WHAT IS REQUIRED:
Copy each line below exactly and leave the pictures out.

RAW DATA:
##########
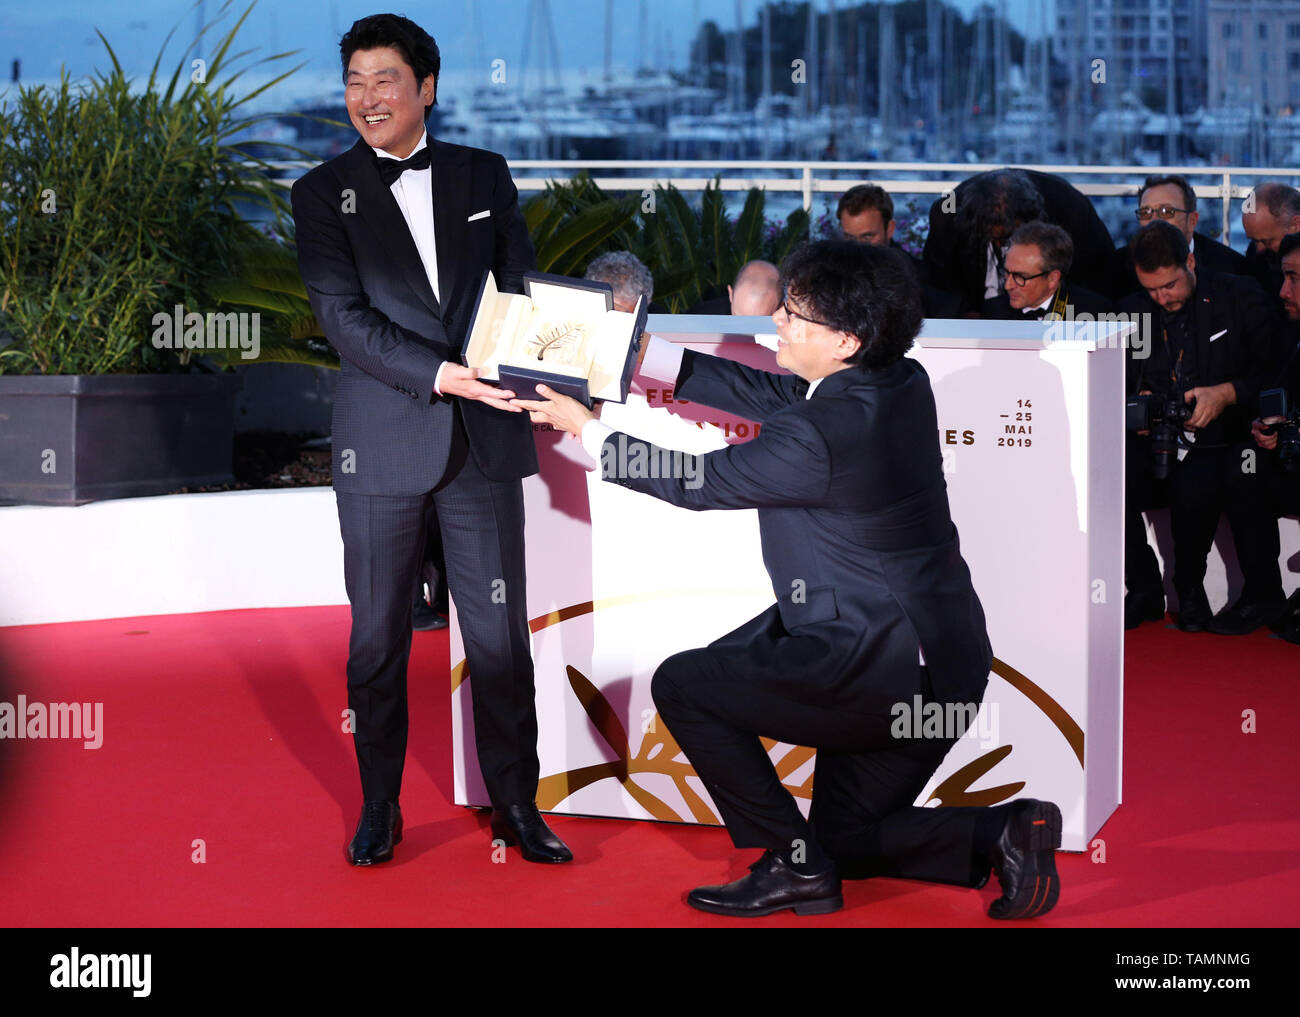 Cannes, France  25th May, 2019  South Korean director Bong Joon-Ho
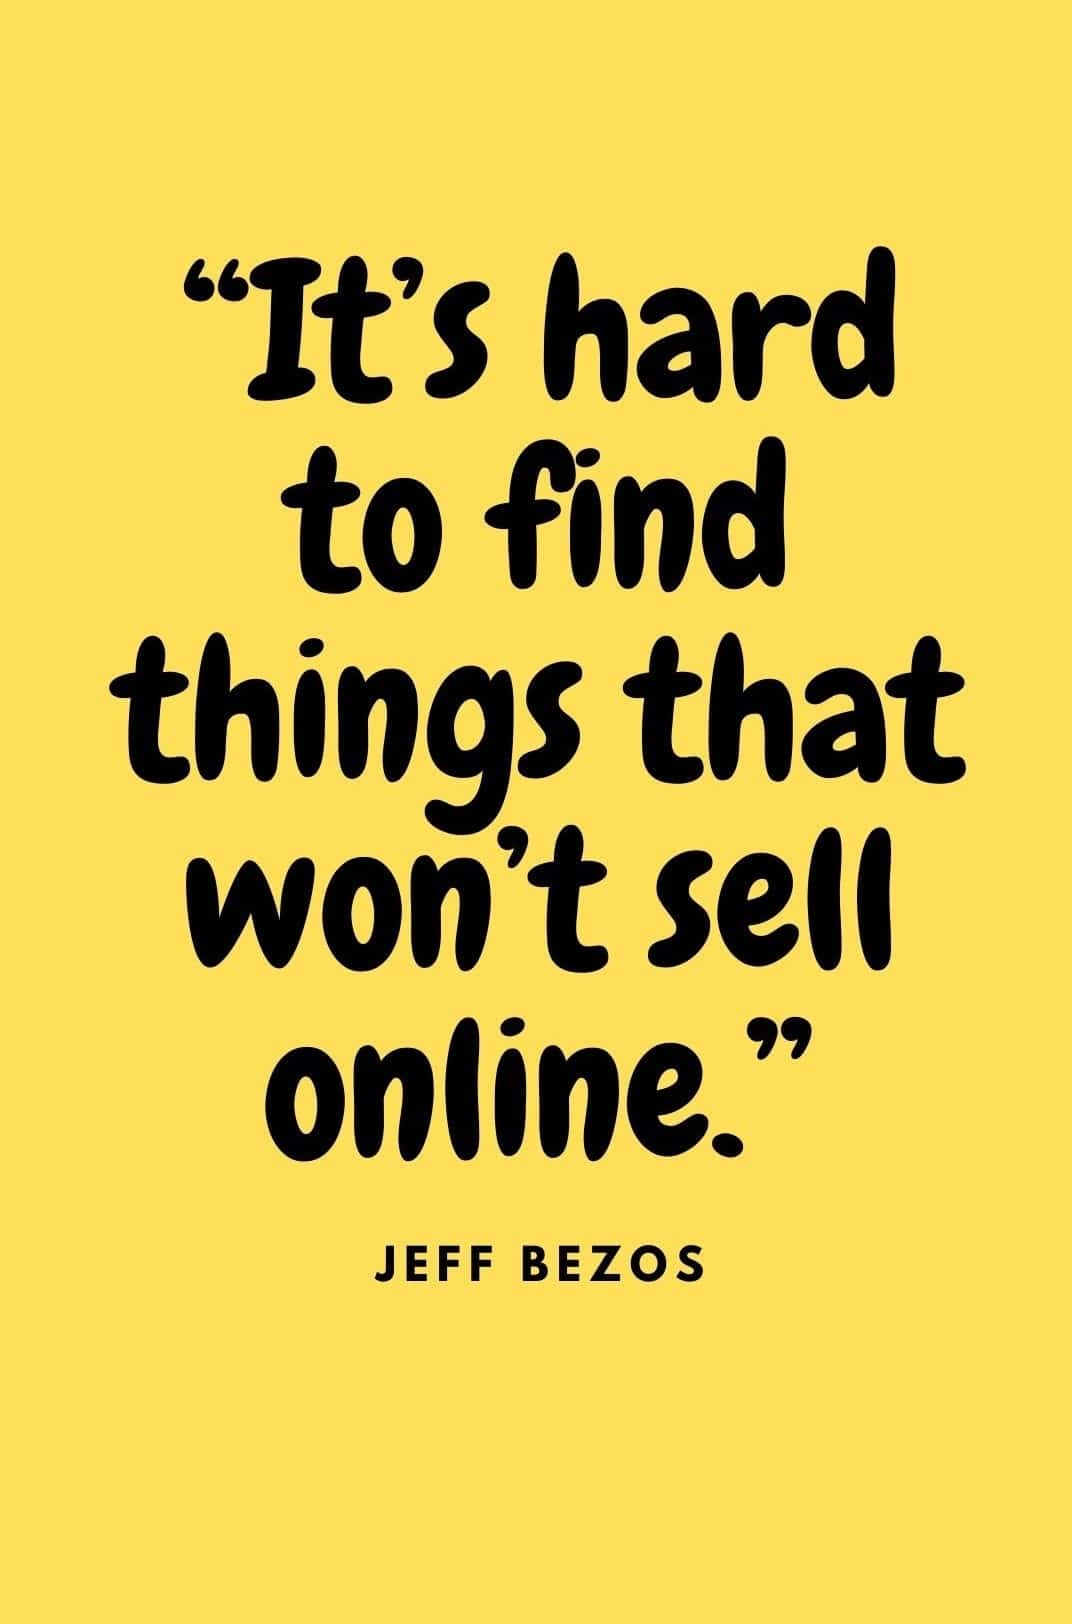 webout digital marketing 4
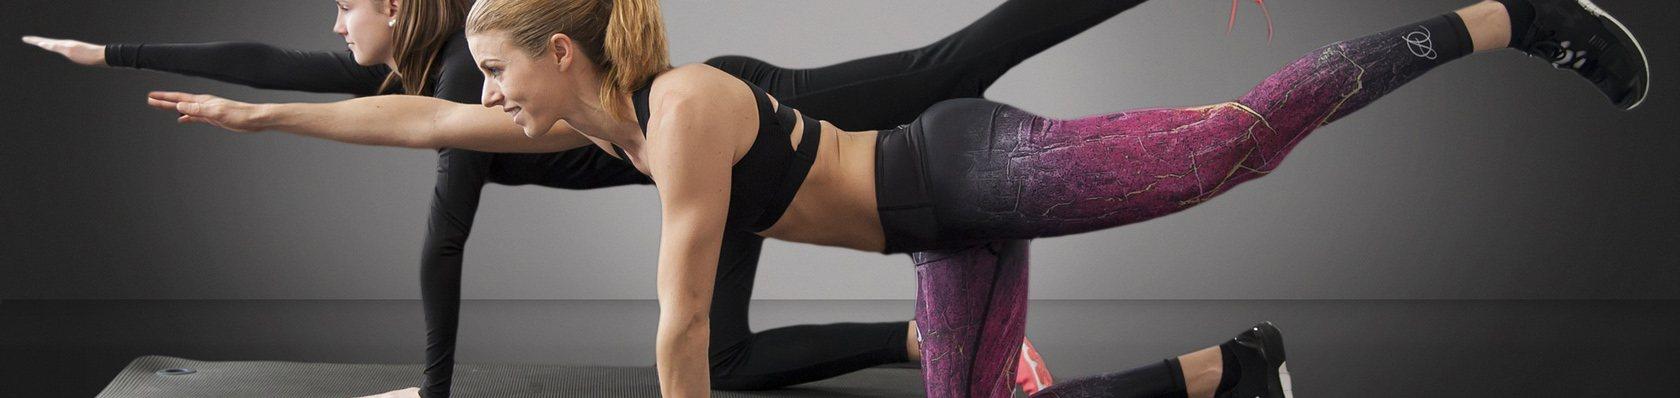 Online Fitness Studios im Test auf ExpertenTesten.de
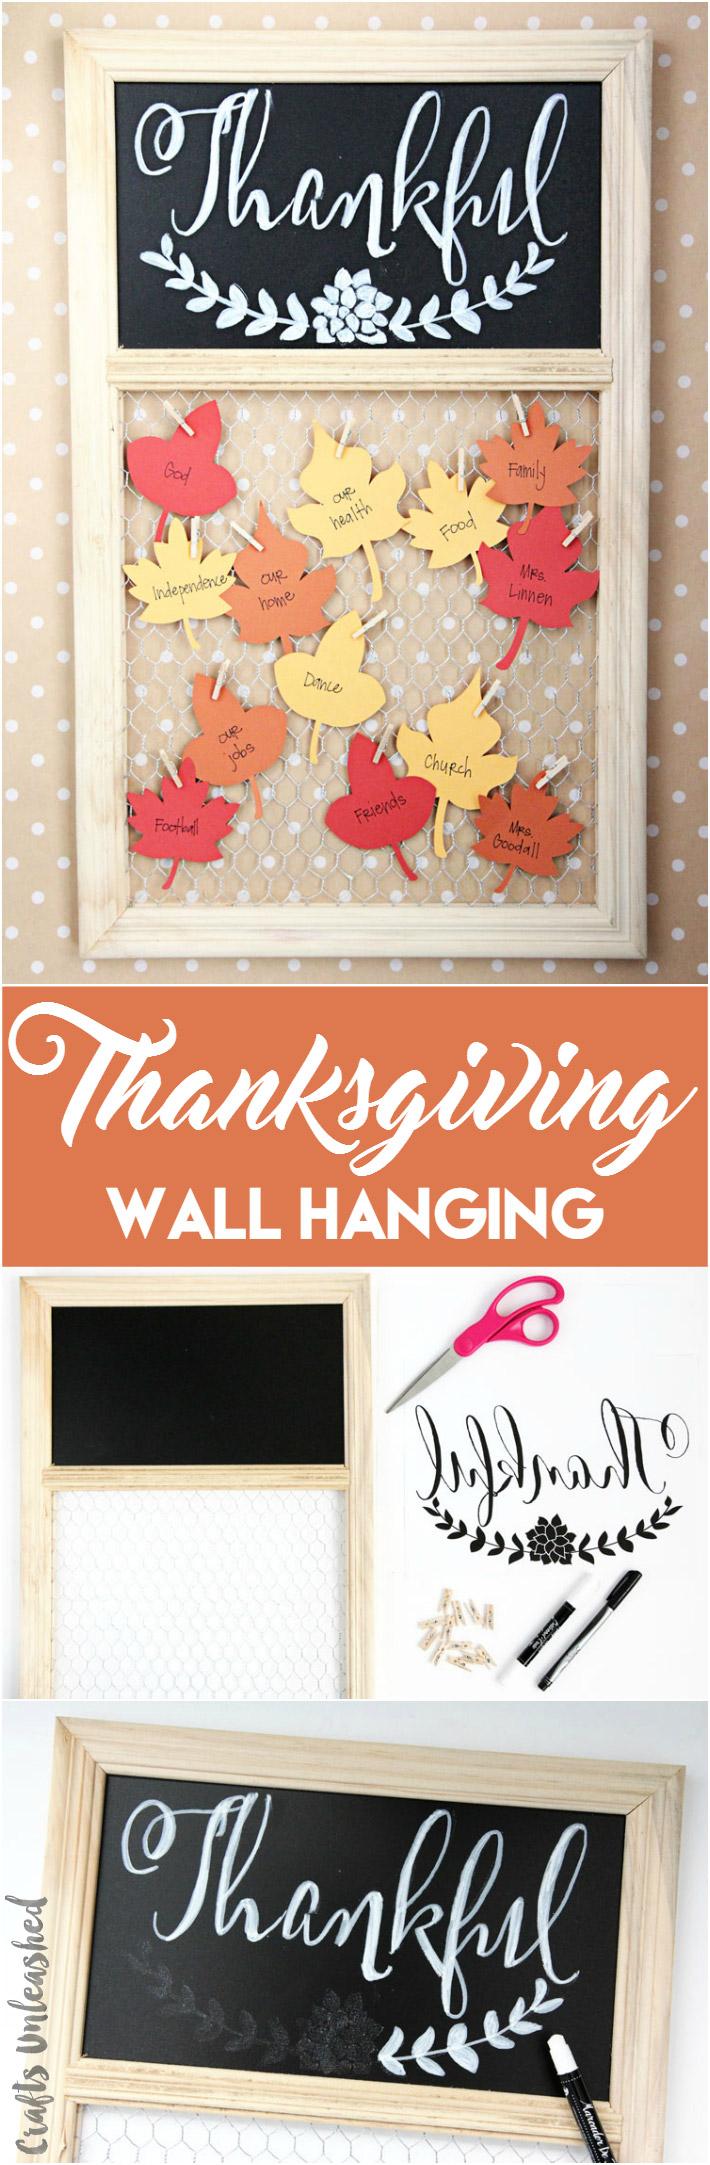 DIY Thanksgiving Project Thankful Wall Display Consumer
##########
RESPONSE AREA:
 Cannes, France  25th May, 2019  South Korean director Bong Joon-Ho
 webout digital marketing 4
 Online Fitness Studios im Test auf ExpertenTesten.de
 DIY Thanksgiving Project Thankful Wall Display Consumer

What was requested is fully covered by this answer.